Au moment de la mort d’une personne, une série de procédures se met en marche : messages à l’état civil, à la sécurité sociale, à la banque… Mais la famille ne pense pas toujours aux réseaux sociaux et aux multiples comptes ouverts sur Internet. Ils sont le reflet de la vie menée par la personne : ses souvenirs, ses passions, les magasins où elle aimait commander. La découverte se fera parfois par un courriel de rappel adressé au ou par le défunt quand la configuration n’a pas été changée. Cela existait déjà avec la publicité papier mais la quantité a augmenté avec la facilité du virtuel. D’ailleurs, certains ne disent pas qu’ils possèdent des comptes ou ne laissent pas les mots de passe pour y accéder. Le réseau social restera alors le témoin de leurs espoirs passés avec parfois la surprise de continuer à les lire comme s’il s’agissait de leur journal intime. Internet, et a fortiori les réseaux sociaux, fonctionnent comme une sorte d’allégorie de l’au-delà : la vie y est dématérialisée, on ne peut pas le toucher, il semble illimité… de là à imaginer qu’il y aura aussi une vie éternelle, il n’y a qu’un pas.
Pas de profil inactif
Les réseaux sociaux ont mis du temps à s’apercevoir de cette non prise en compte de la mort physique. Cependant, depuis 2014, Facebook propose aux proches des défunts, soit de supprimer le compte soit de le transformer en « compte de commémoration », c’est-à-dire un compte où il est impossible à de nouveaux « amis » de s’inscrire, mais où il reste possible de partager des souvenirs et des pensées émues… Certains entretiennent longtemps le souvenir d’un défunt sur Facebook : les dates anniversaires, les souvenirs partagés dans le réseau des amis, les hommages, l’émotion… Aujourd’hui, la plupart des internautes ont fait de Facebook un haut lieu où se mélangent images, déclarations publiques et conversations privées. Du côté de Facebook, l’algorithme ne se préoccupe pas de savoir si la personne est vivante ou non, tout ce qui l’intéresse c’est que le profil reste actif, quitte à ce que cette activité se passe via des messages de condoléances.
Effacer toute trace
Toute médaille a son revers. Facebook pense aider en republiant certains contenus à leur date anniversaire. Il est alors bien agréable de revoir les photos des merveilleuses vacances passées sur une île paradisiaque. Parfois cependant, et c’est le cas de ce père qui a fait un scandale, le programme informatique ressort de sa propre initiative, les photos d’un proche maintenant décédé. Dans la vie aussi les endroits, odeurs, affaires font surgir en nous les souvenirs. Ils sont parfois troublants. Mais nous ne sommes pas forcément prêt à accepter d’un algorithme ce que nous tolérons de notre cerveau.

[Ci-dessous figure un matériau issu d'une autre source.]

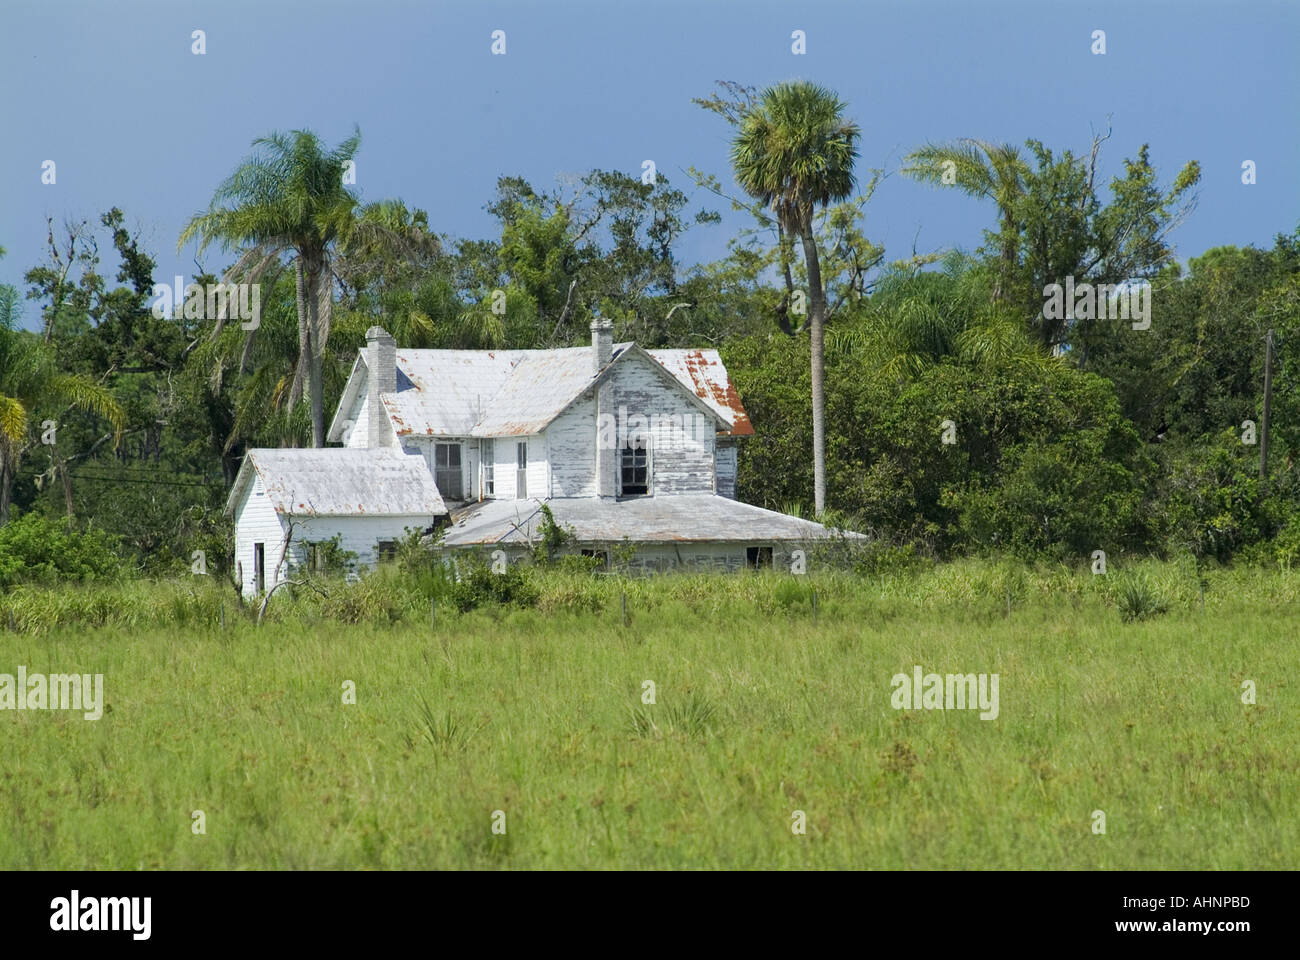 abandoned Florida Farm house old home Stock Photo: 4739772

Enfin, alors que certains veulent perdurer sur la toile, d’autres cherchent à s’en faire disparaître. Cela consiste à retirer les amis, les images, les groupes… de manière systématique, puis, dans un dernier mouvement à désactiver le compte. Un néologisme décrit l’action « suicider son compte ». L’utilisation de ce verbe n’est pas neutre et montre que la limite entre le réel et le virtuel tend à s’estomper à l’usage. L’histoire récente de ce jeune homme sauvé du suicide parce que ses amis avaient repéré qu’il vidait ses comptes de réseaux sociaux en représente sans doute un point ultime.